The depression I have observed in the last 20 years has caused true medical ailments because the festering of problems being pushed down farther and farther until there is nowhere to push them and they come out in ways that create havoc on the body. I’ve seen it. I know it’s real. It causes underlying medical problems such as hypertension, heart problems, stomach problems. and probably too many to mention here. If your depression is truly bad, and you do not have coping skills in place for when you start to spiral out of control, I’ve seen it come out in waves of sadness and anger. And even though many things said in the throes of an argument or disagreement that are spiteful and hurtful aren’t meant; once you’ve said them you can’t take them back. Words hurt.
Proverbs 12:18New Living Translation (NLT)

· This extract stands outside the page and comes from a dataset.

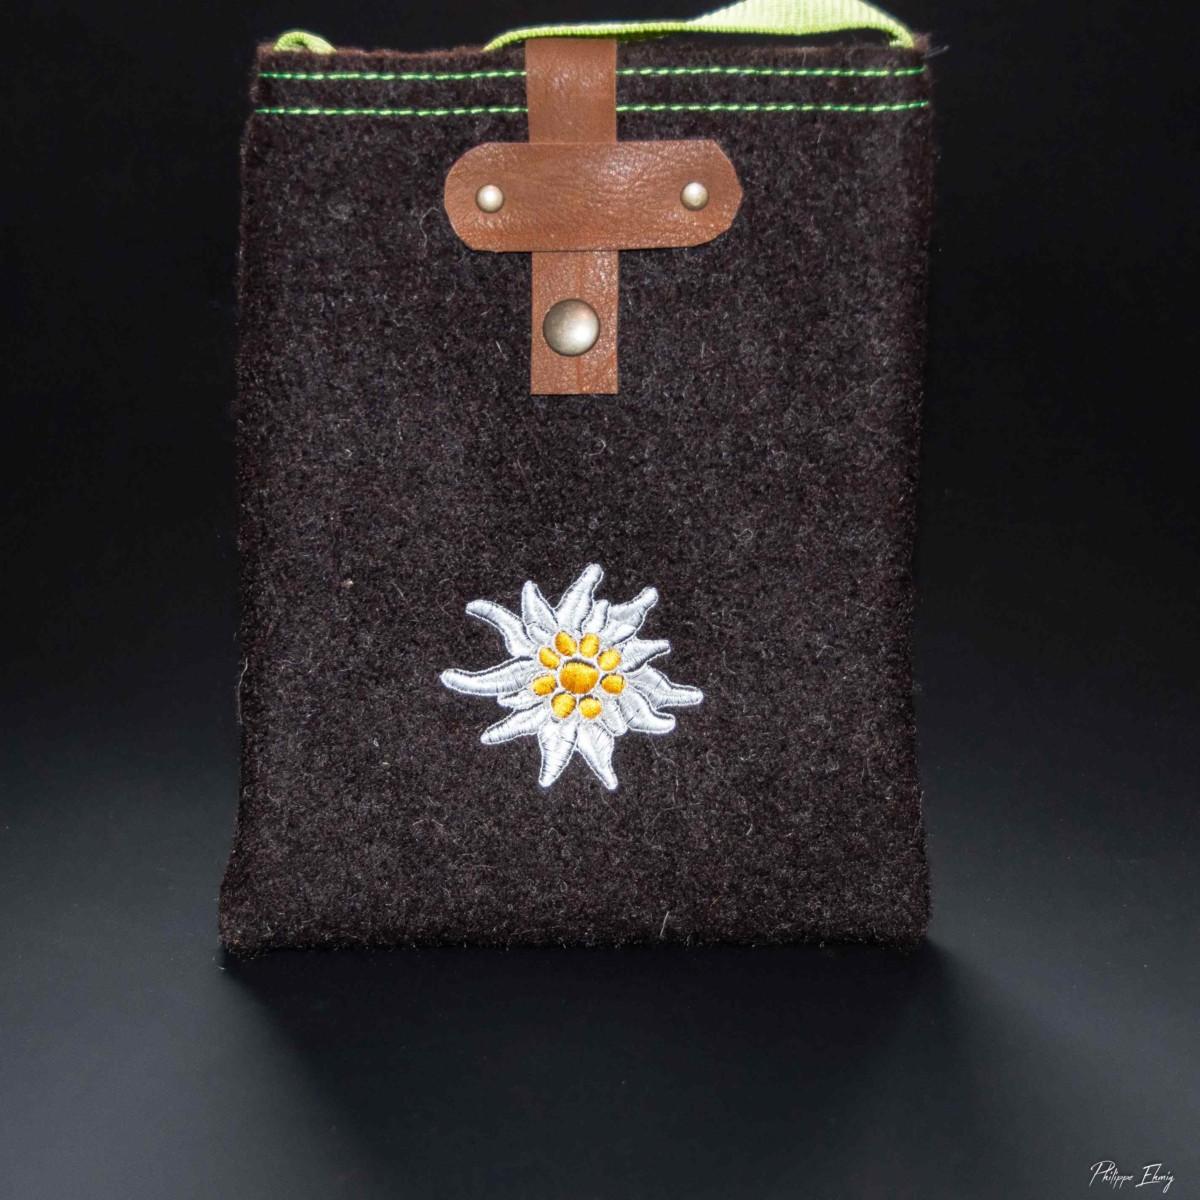 pochette edelweiss marron, accessoire mode homme femme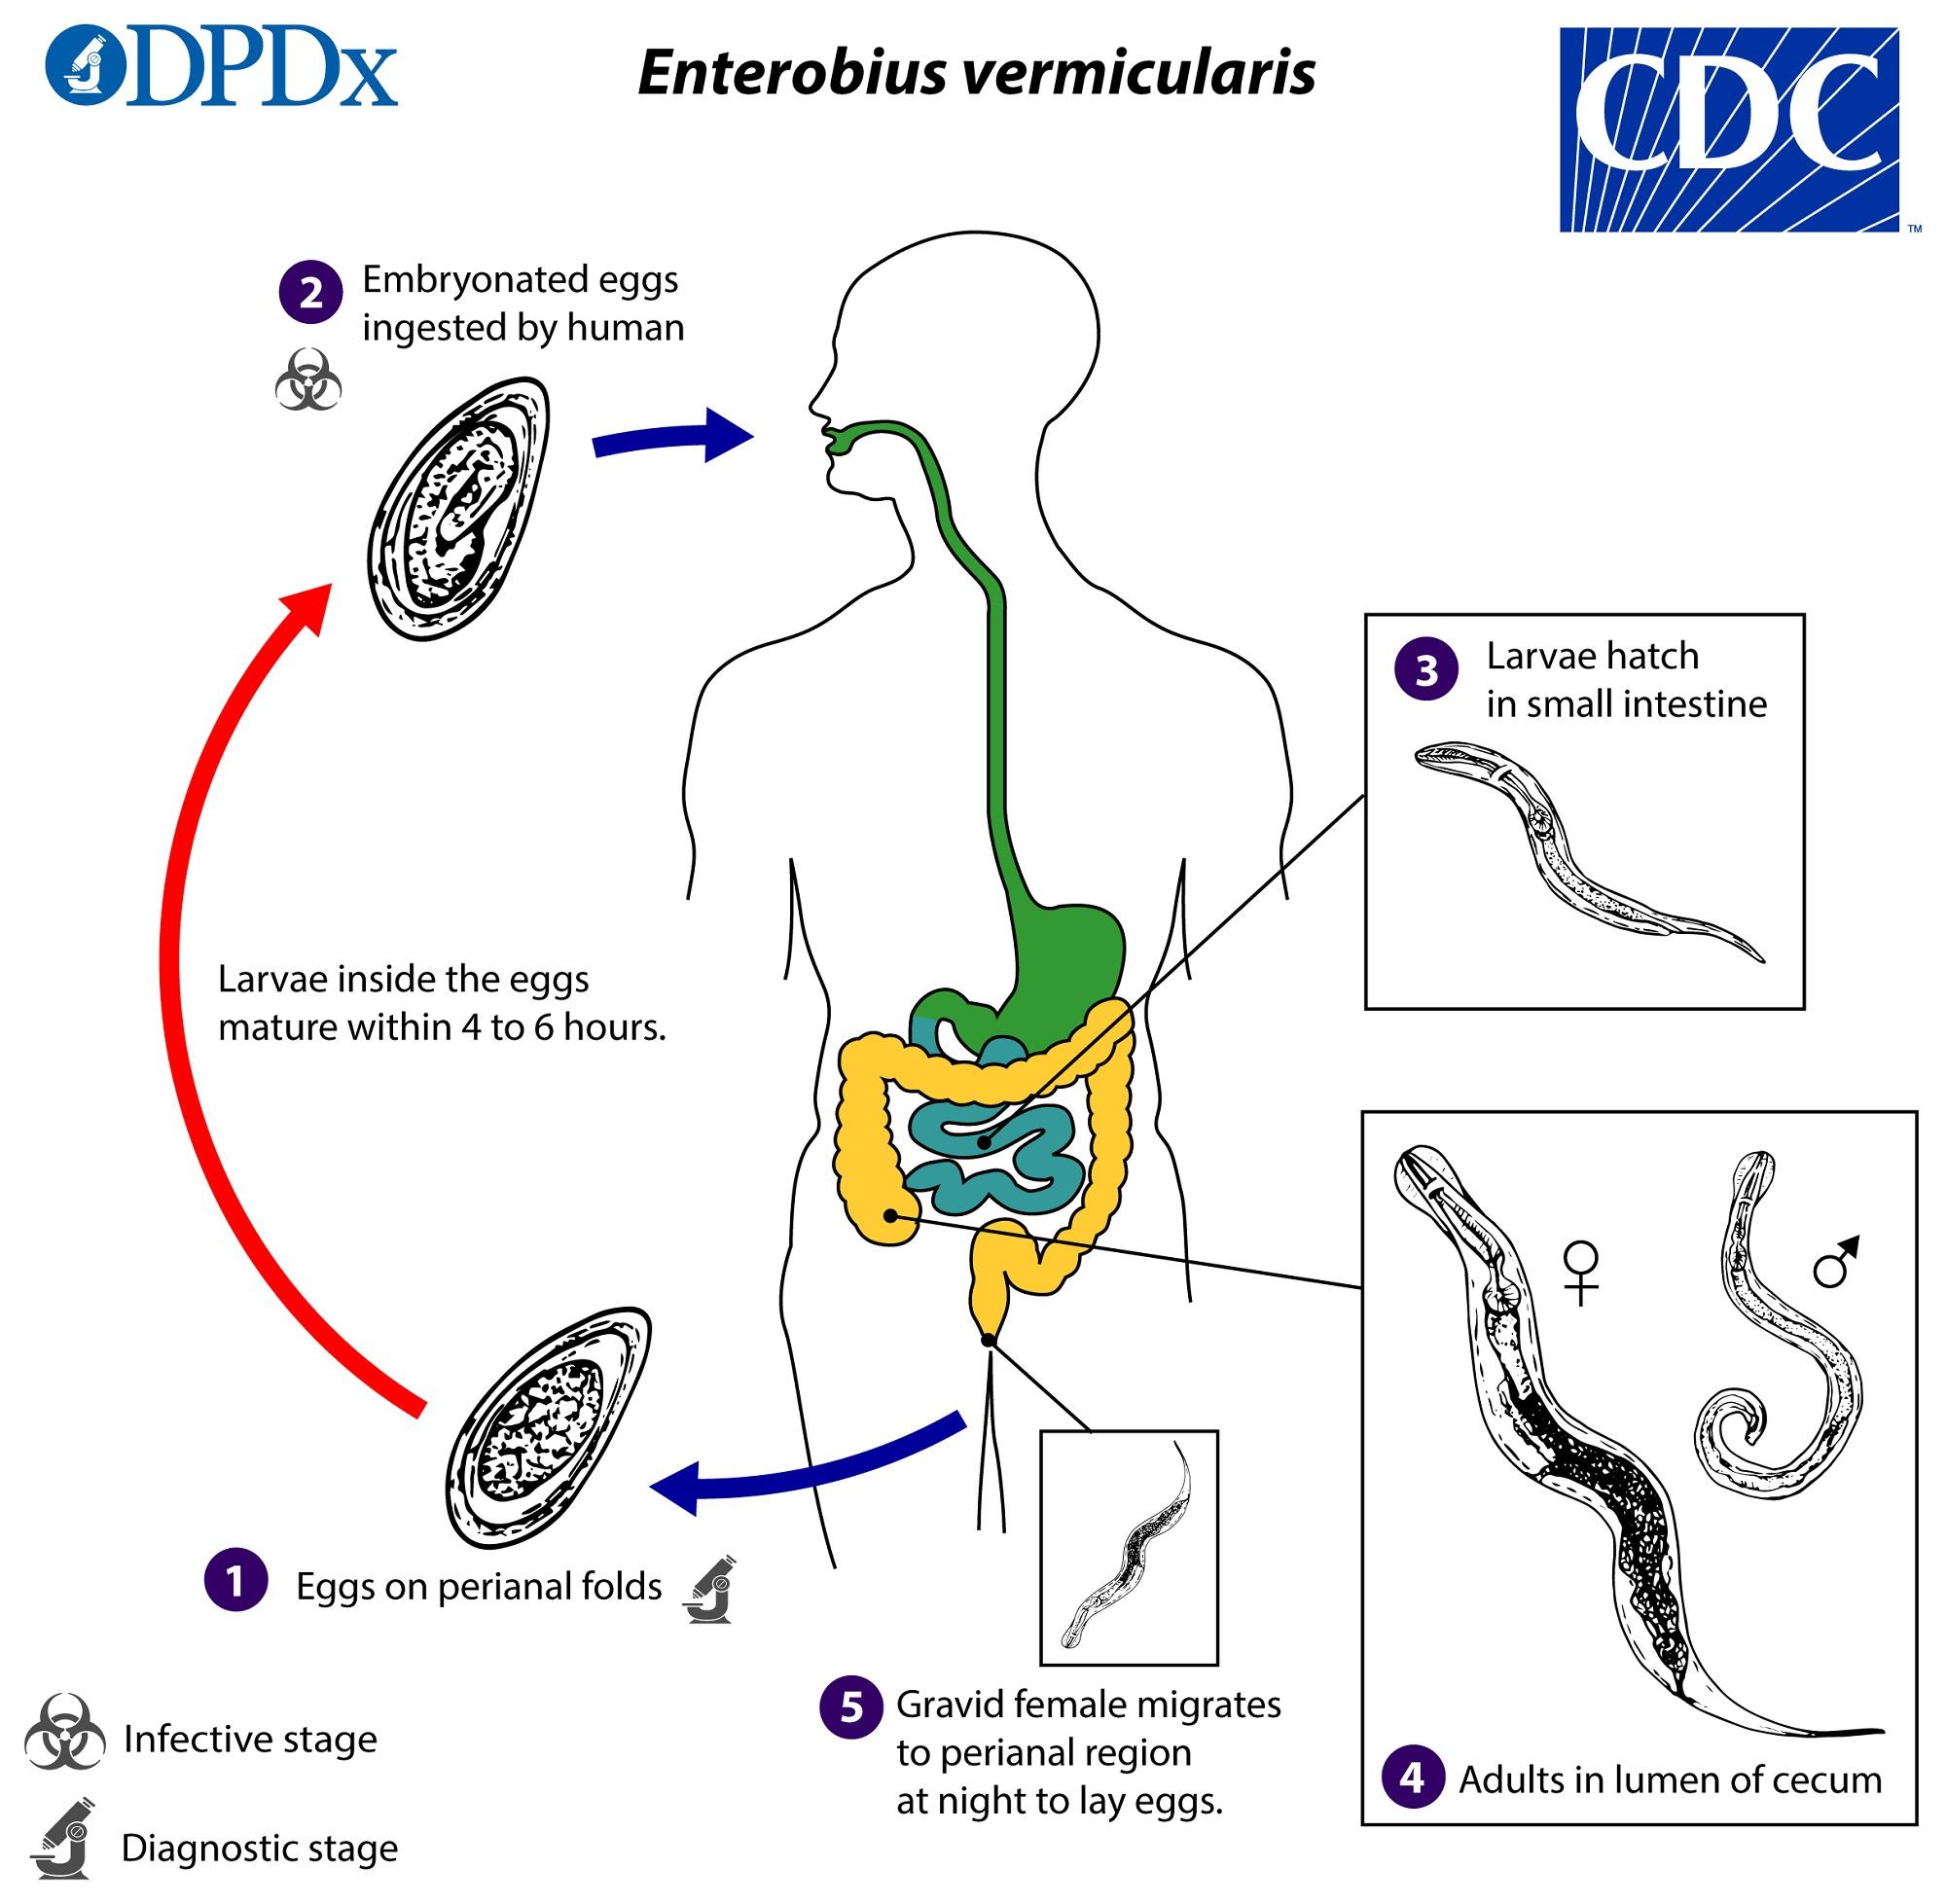 enterobius vermicularis diagram viermițori intestinali

18 Some people make cutting remarks,
but the words of the wise bring healing.
I know that I must talk about it. I must talk to anyone that will listen that you can’t hold everything in and at some point not explode or just give up. We all need one another. We all have problems. We need to start loving each other not for what we have or don’t have, but simply because loving one another is so much better than the effort it takes to be hurtful to one another. And because that is what we are called to do.
Matthew 22:37-40 New Living Translation (NLT)
37 Jesus replied, “‘You must love the Lord your God with all your heart, all your soul, and all your mind.’[e] 38 This is the first and greatest commandment. 39 A second is equally important: ‘Love your neighbor as yourself.’[f] 40 The entire law and all the demands of the prophets are based on these two commandments.”
Heavenly Father,
Help me to see that I am not alone. Help me to realize that you are with me, always. Help me to reach out to others and lean on others. Lord help me to grow in the ways you want and need me to grow and keep me on the correct path for my life. In Jesus’ name. Amen
Blessings to you; may you always know Jesus Loves You.